The goal? Give regulators and the public a clearer picture of who’s betting against what, potentially heading off market manipulations before they spiral.
But implementation has been anything but smooth.
Trade groups like the Managed Funds Association and the Alternative Investment Management Association fired back almost immediately, hauling the SEC into court.
Their argument: The rules were overreach, inconsistent with existing laws, and ignored the massive economic ripple effects.
The Industry Fights Back

In August, a three-judge panel from the 5th U.S. Circuit Court of Appeals sided with the industry, ruling that the SEC hadn’t properly weighed the costs.

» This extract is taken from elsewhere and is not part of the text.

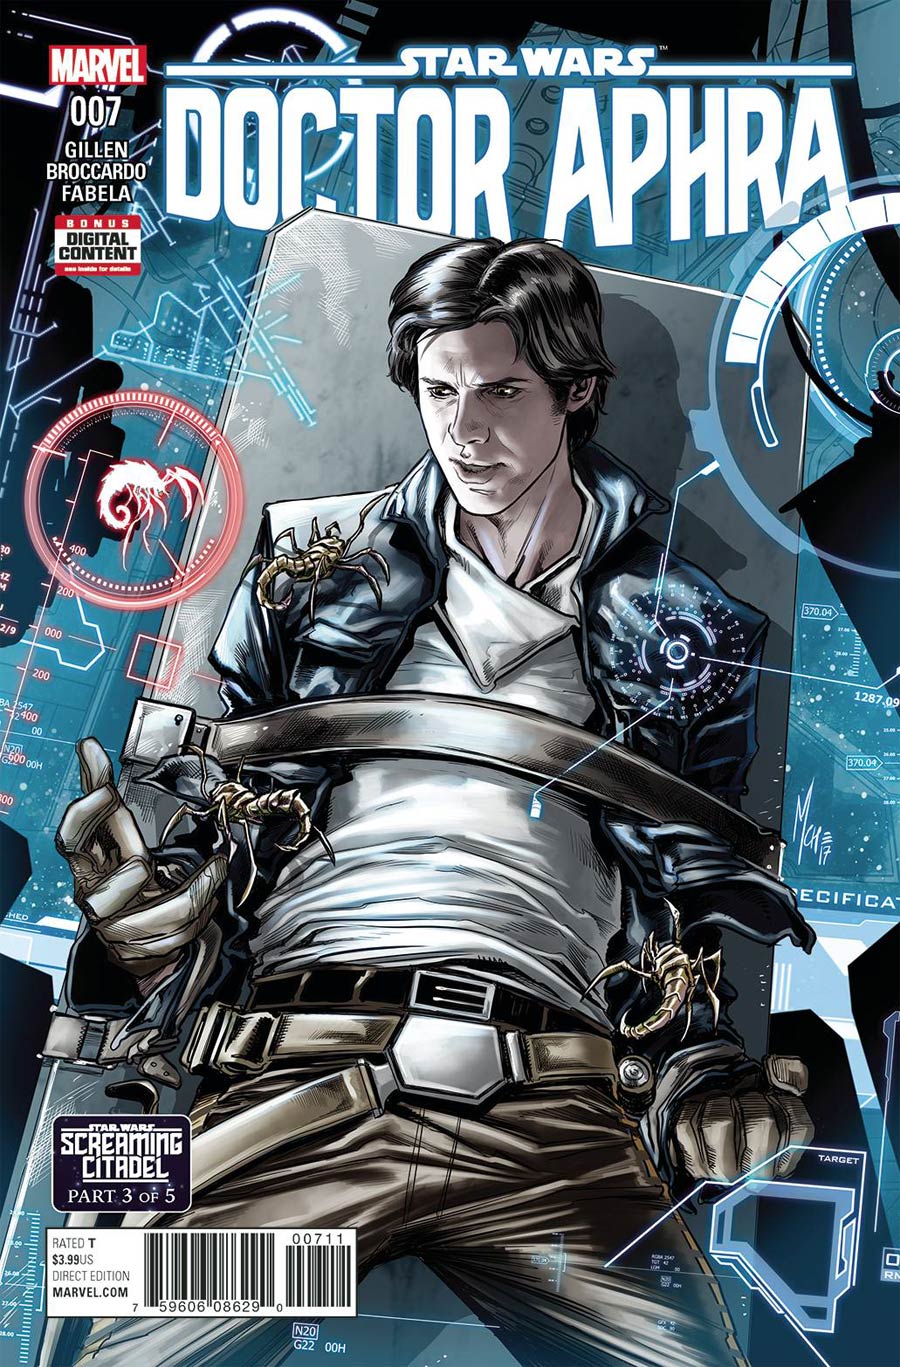 Star Wars Doctor Aphra #7 Cover A Regular Marco Checchetto Cover (Screaming Citadel Part 3)

The court didn’t outright kill the rules — it just told the agency to go back to the drawing board and think harder about the fallout.
Enter Wednesday’s order from the SEC, which effectively buys everyone more time.
Investment managers now have until January 2, 2028, to start reporting short sales.
Stock lenders get a slightly longer leash, with a deadline of September 28, 2028.
In its formal statement, the commission justified the extensions by saying, “The Commission finds these temporary exemptions to be necessary in the public interest and consistent with the protection of investors.”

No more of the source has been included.